I see a potential ally for you in OW's husband. What are OW's husband's feelings about OW having left him? Has he ever resolved the issues around his having been unfaithful? What counseling can you give OW's husband, or suggest for him? Is OW's husband happy with the arrangements for his 5 year old daughter?

Do you have an attorney? What does your attorney say about contacting OW? Have you contacted OW?

What sense of responsibility does H have for OW, in addition to fog talk? What are H's ideas for the 5 year old daughter of OW? Does he want custody? How difficult would it be to switch custody from the father to OW?

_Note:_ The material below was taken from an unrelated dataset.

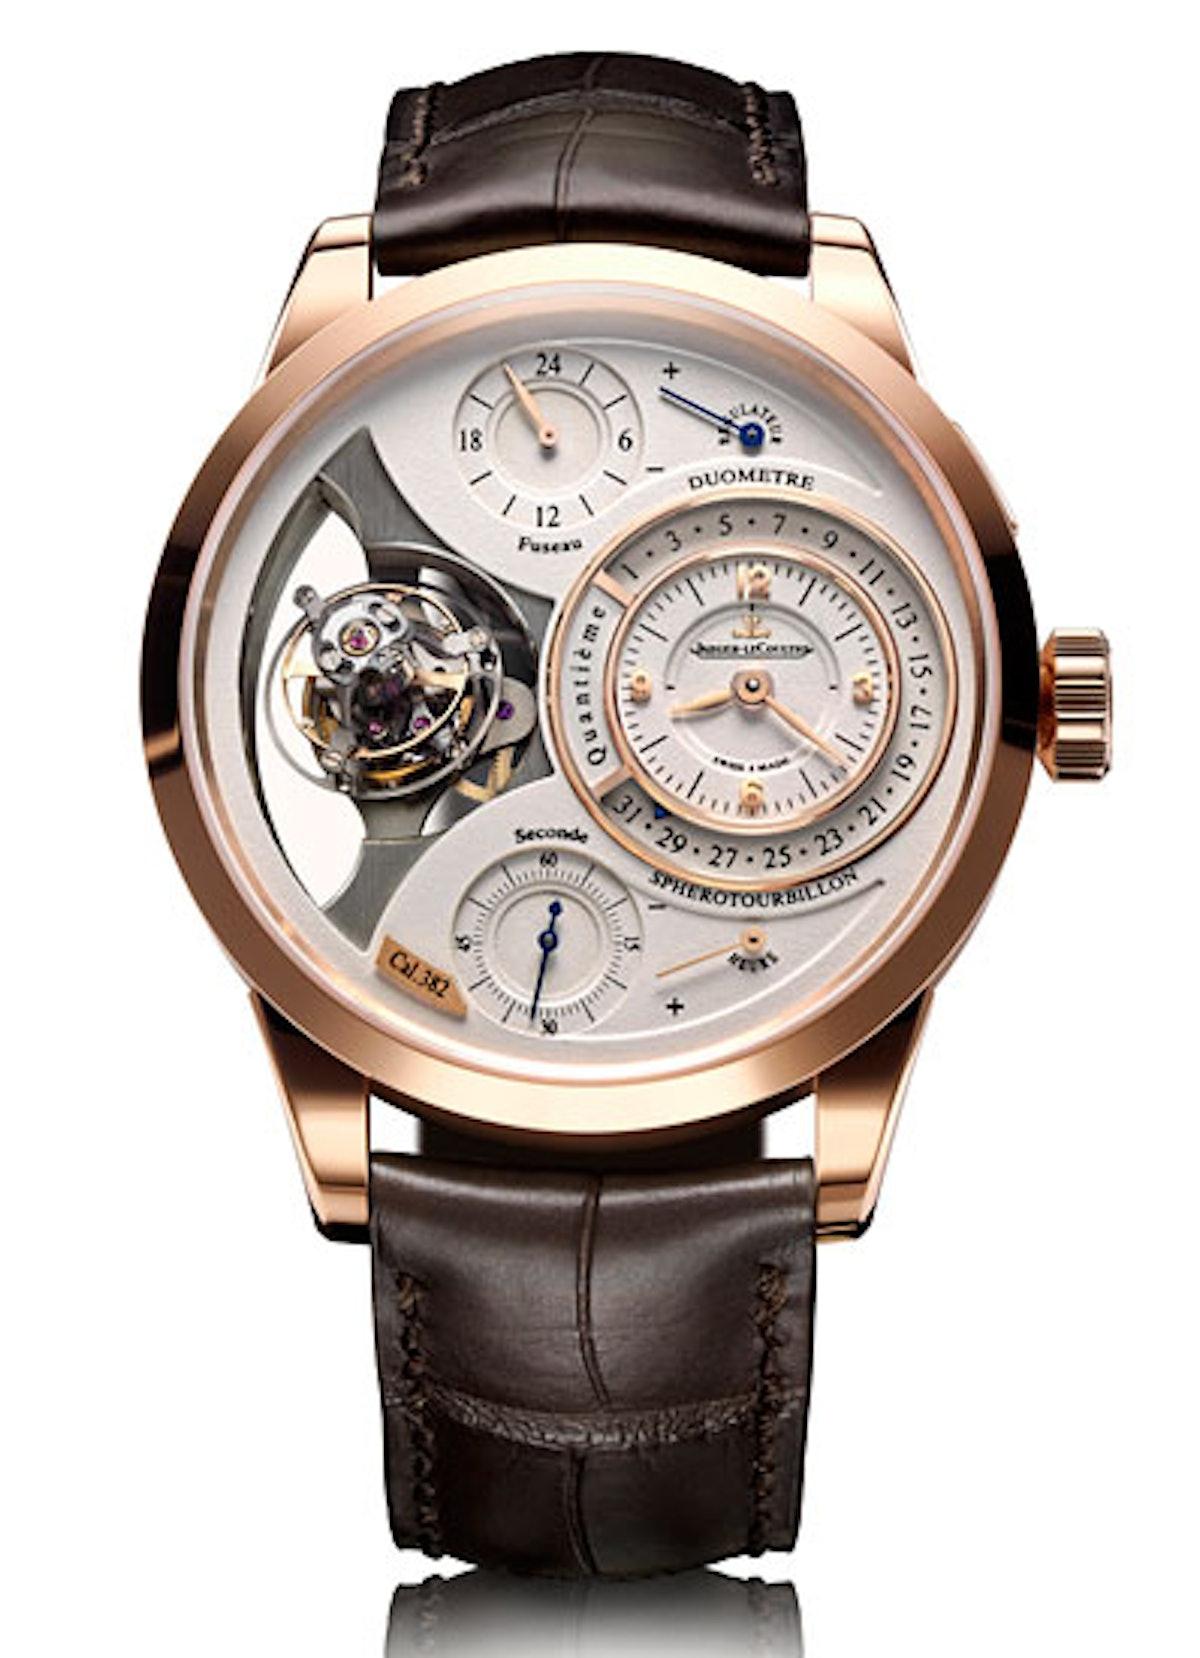 acss-geneva-watches-07-v.jpg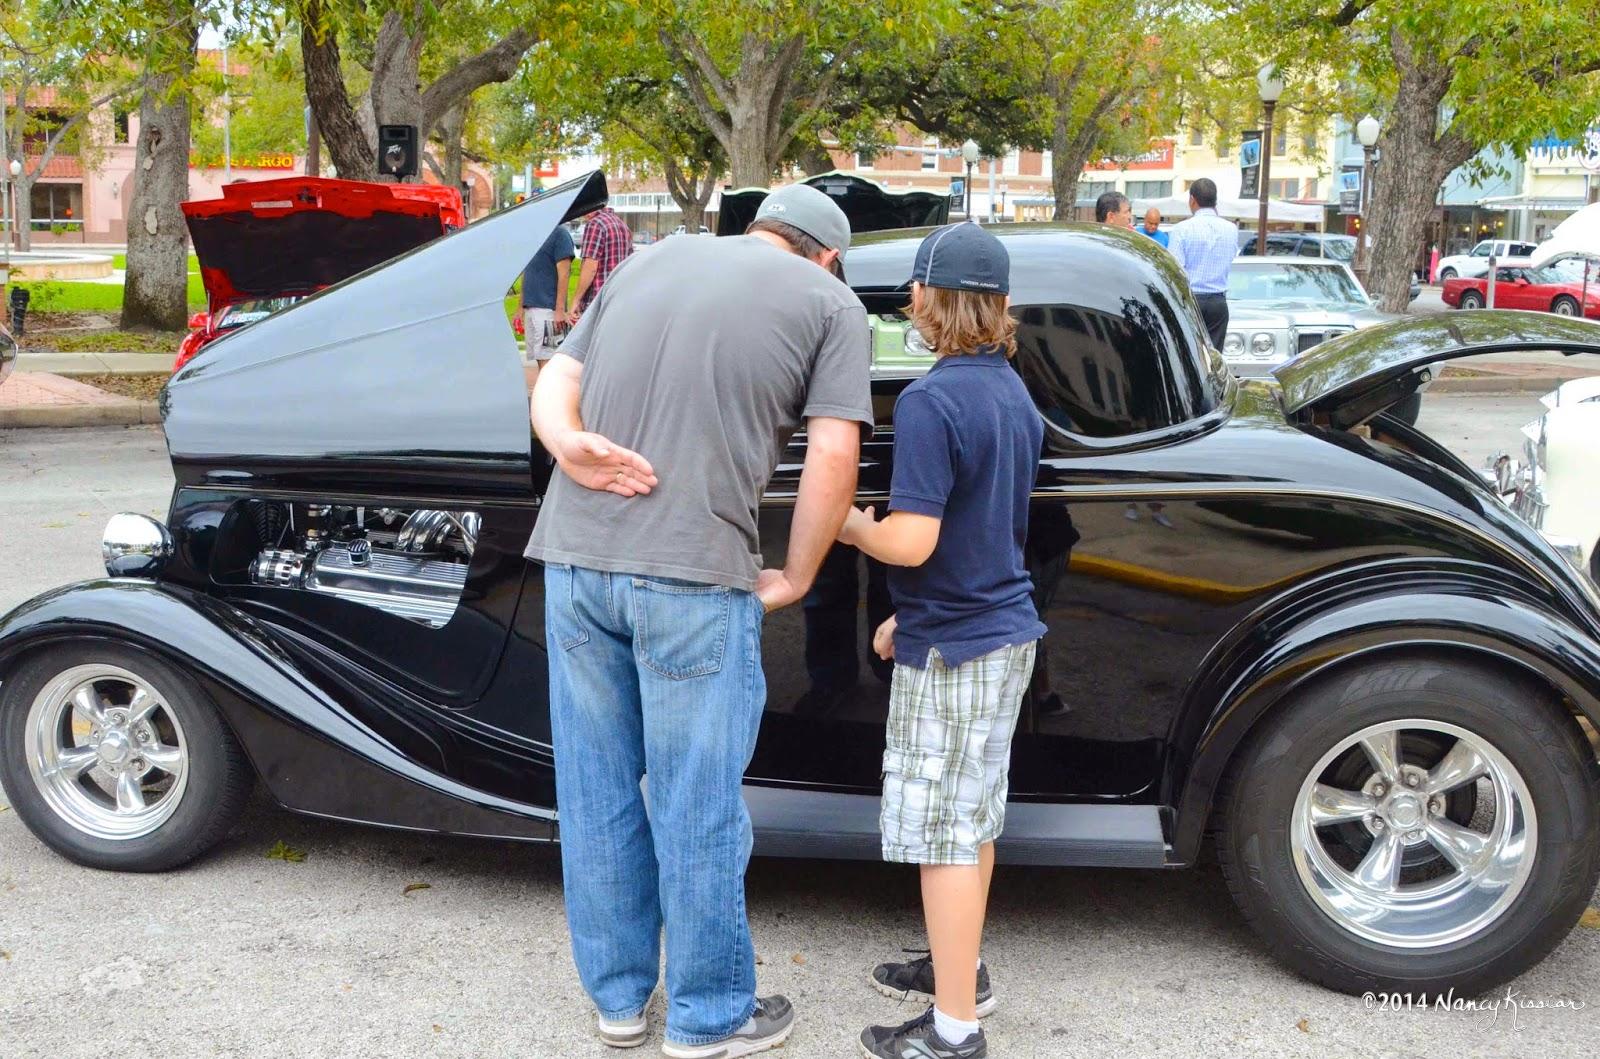 Wild About Texas: Pontiac Club Classic Car Show Delights Seguinites

I see a good reason for you to get positively involved with OW's husband. He was unfaithful, and has not recolved the issues in his marriage. What websites or other help have you suggested to OW's husband for saving their marriage. It seems to me, that if OW's husband can save his marriage, then your marriage is saved.

Is OW pregant? Who is the father?

Your husband may be in a supportive realtionship with OW, to help her get through her divorce. Sometimes the person that helps through a divorce, is not the peson for a sustained relationship.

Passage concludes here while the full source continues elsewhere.